# obama impeachment??...



## bruteman92 (Nov 19, 2011)

On Monday March 11, 2013, Congress is reportedly beginning impeachment proceedings against Barack Obama.

Members of Congress are reportedly beginning impeachment against Barack Obama based on the grounds of unauthorized military use in Libya and Syria. Congress is also looking at his involvement in Fast and Furious.

According to Congressional representatives Barack Obama has violated the rules set that clearly state that the President must seek Congressional approval before using military force. Now he says it was OK because he had international support. But how does that make it okay? They aren’t our Congress. They don’t determine what is right or wrong for us.
... 
Sources close to aides in Congress say the law clearly states “any use of military force by Obama without explicit consent and authorization of Congress constitutes an impeachable high crime and misdemeanor under article II, Section 4 of the Constitution.”

The Republicans want to know how President Obama was able to use military force in Libya last year.

Republicans are pushing a resolution through Congress, which has been highly underreported by mainstream media, to look into further actions to be taken upon the President. Since it explicitly states in the Constitution that the President must ask permission from Congress to use military forces in another country, sources say there is clear cause for impeachment.

While an impeachment can be a strain on our country and may not be necessary in an election year – Republicans are still moving ahead with it.

“The days of Czars and Executive orders in order to sidestep Congress should end and if it takes an impeachment to do that it is something I and many other Americans would support,” said a prominent Republican Congressman.

“We have a President who believes our Constitution is just a ‘historical document’ that is not fit to determine how our country is ran anymore,” said the Congressman.

Democrats, obviously, are opposing the impeachment effort by sources close to Republican leaders say that they are “moving full speed ahead” because “we need something to keep us busy until the election.”
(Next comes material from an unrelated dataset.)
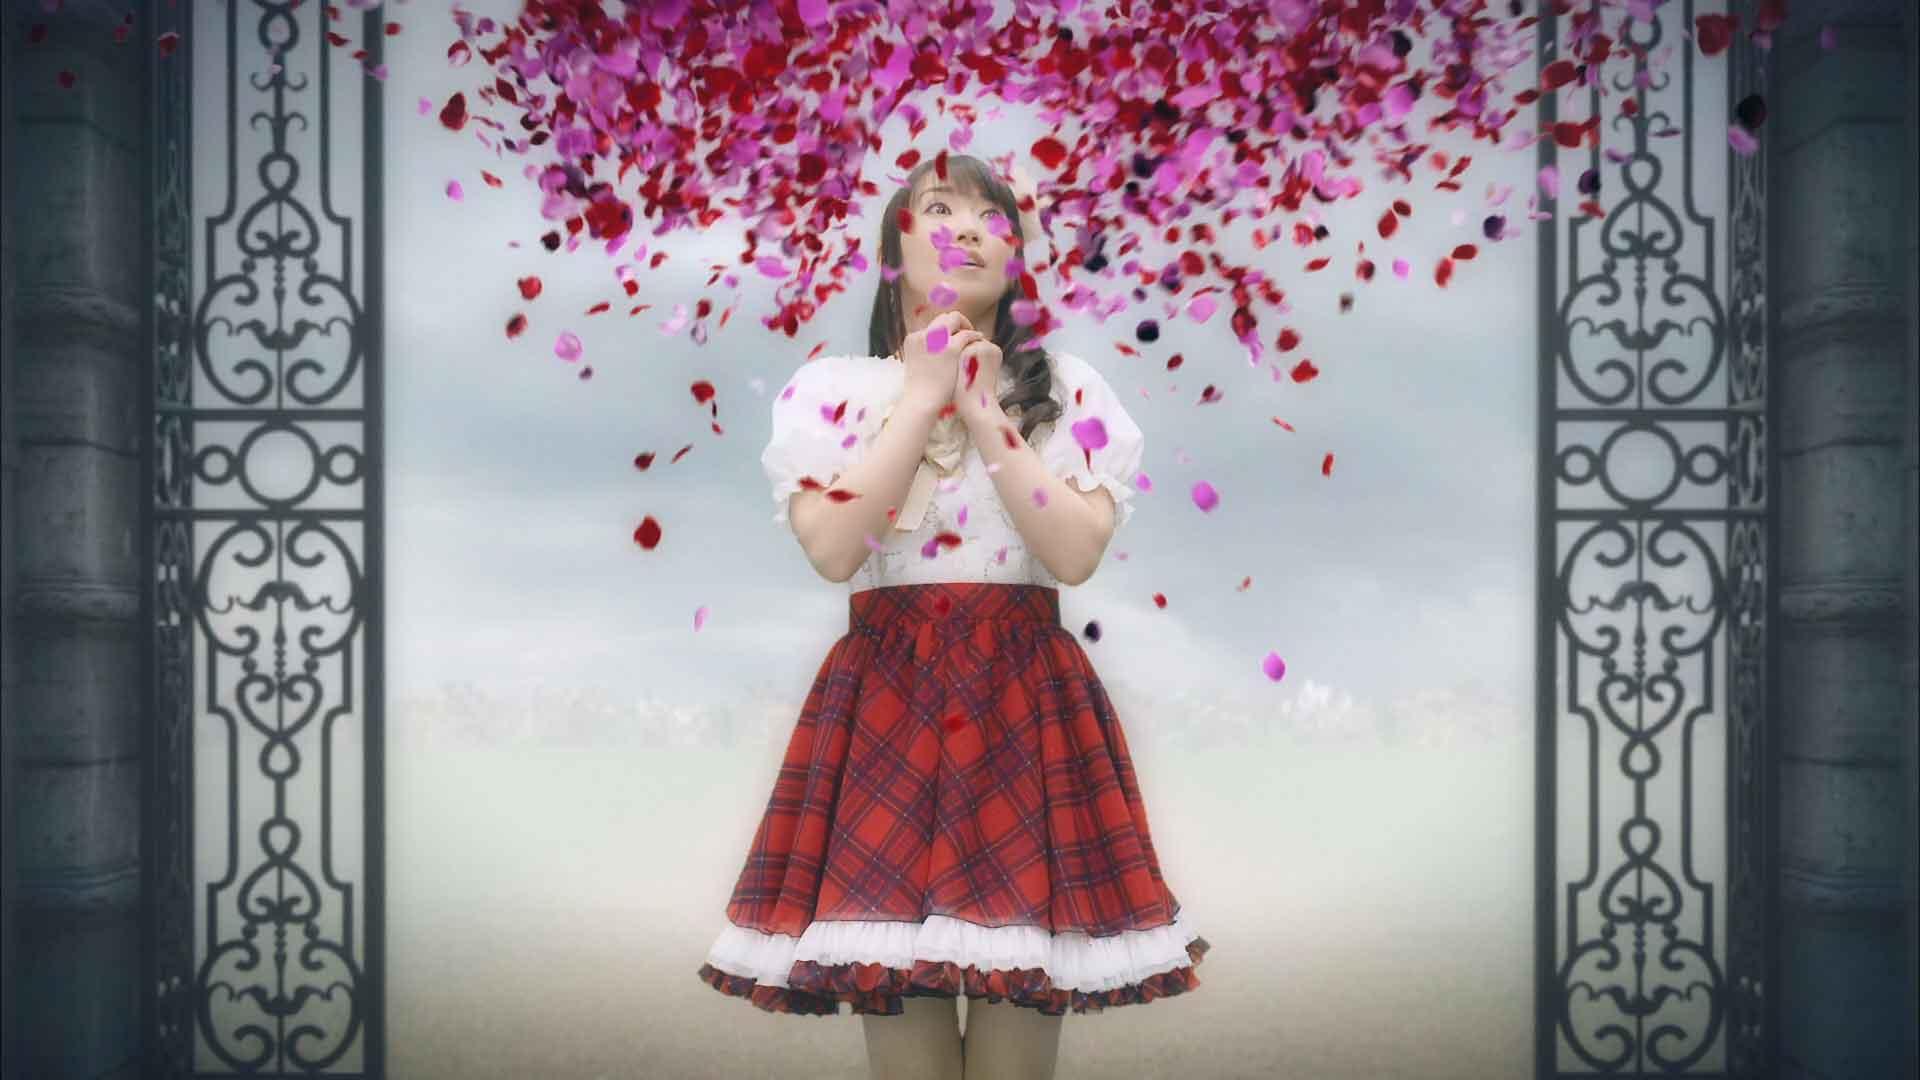 [蓝光原盘] 水树奈奈Nana Mizuki LIVE THEATER 2015 -ACOUSTIC《BDMV 双碟 82.2G》

i saw this on FB and couldnt tell if it just a made up storie or what so please share and give input..


----------



## Josh82 (Jun 18, 2012)

Im not guna hold my breath but it sounds good


----------



## wolf_36 (Jul 7, 2010)

Was on facebook everything on facebook is true , I mean it's the internet and everyone knows you can't post anything on the internet thats not true .


----------



## Polaris425 (Dec 16, 2004)

Lol I wish but I doubt it. Hell they couldn't get rid of Clinton....


----------



## wolf_36 (Jul 7, 2010)

Well hed did'nt have sexual relations with that woman , it was the cigar


----------



## Ole Nasty (Jul 7, 2012)

Won't happen. Obamesiah's supporters will burn this country to the ground and move on to the next free hand-out country if it did.



wolf_36 said:


> Was on facebook everything on facebook is true , I mean it's the internet and everyone knows you can't post anything on the internet thats not true .


Bon Jour.


----------



## monkeybonezz (Jan 27, 2011)

Ah jeeze this again... It's a hoax http://www.snopes.com/politics/obama/impeachment.asp

Sent from my Galaxy S3


----------



## CRAZYCRACKAZ71 (Oct 8, 2011)

if it was to happin you think they would put this on the news??


----------



## Polaris425 (Dec 16, 2004)

Yeah it would be on the news b/c we'd all be big ole racists. But I'm not racist. I don't like the white half of him any different than the other.


----------



## CRAZYCRACKAZ71 (Oct 8, 2011)

put a red neck up there as president and wed b ready for anything hahahhahahaha.


----------



## Stogi (Feb 24, 2010)

CRAZYCRACKAZ71 said:


> put a red neck up there as president and wed b ready for anything hahahhahahaha.


There was a "******* " in office once and he wasn't much different then what we have now.

BFWDP


----------



## CRAZYCRACKAZ71 (Oct 8, 2011)

Stogi said:


> There was a "******* " in office once and he wasn't much different then what we have now.
> 
> BFWDP


 
that must of been before my time lol.


----------



## roadiestar (Dec 10, 2009)

I sure wish it was true. That POS has to go.


----------



## JPs300 (Mar 23, 2011)

Polaris425 said:


> Yeah it would be on the news b/c we'd all be big ole racists. But I'm not racist. I don't like the white half of him any different than the other.


 
X2 - I hate everybody equally


----------



## JLOWERY (Jan 30, 2010)

Polaris425 said:


> Yeah it would be on the news b/c we'd all be big ole racists. But I'm not racist. I don't like the white half of him any different than the other.


LMAO good one Jon that's funny right there I don't care what color you are


----------



## rmax (Nov 21, 2009)

Ole Nasty said:


> Won't happen. Obamesiah's supporters will burn this country to the ground and move on to the next free hand-out country if it did.
> 
> 
> 
> Bon Jour.


an what country would that be ,iam under the impression that the us is the only hand-out country, with 7th an 8th generation welfare family driving cadalacs,an wearing 250.00 tennis shoes,


----------



## Polaris425 (Dec 16, 2004)

^^^^^^^^^^^ Pisses me off too.


----------



## Coolwizard (Feb 28, 2009)

The problem with impeaching obama is then we would have to deal with crazy uncle joe biden ...who actually may be worse than obama ...if that is possible


----------



## bruteguy750 (Oct 25, 2012)

wolf_36 said:


> Was on facebook everything on facebook is true , I mean it's the internet and everyone knows you can't post anything on the internet thats not true .


That is the funniest post I have read in the past month.


----------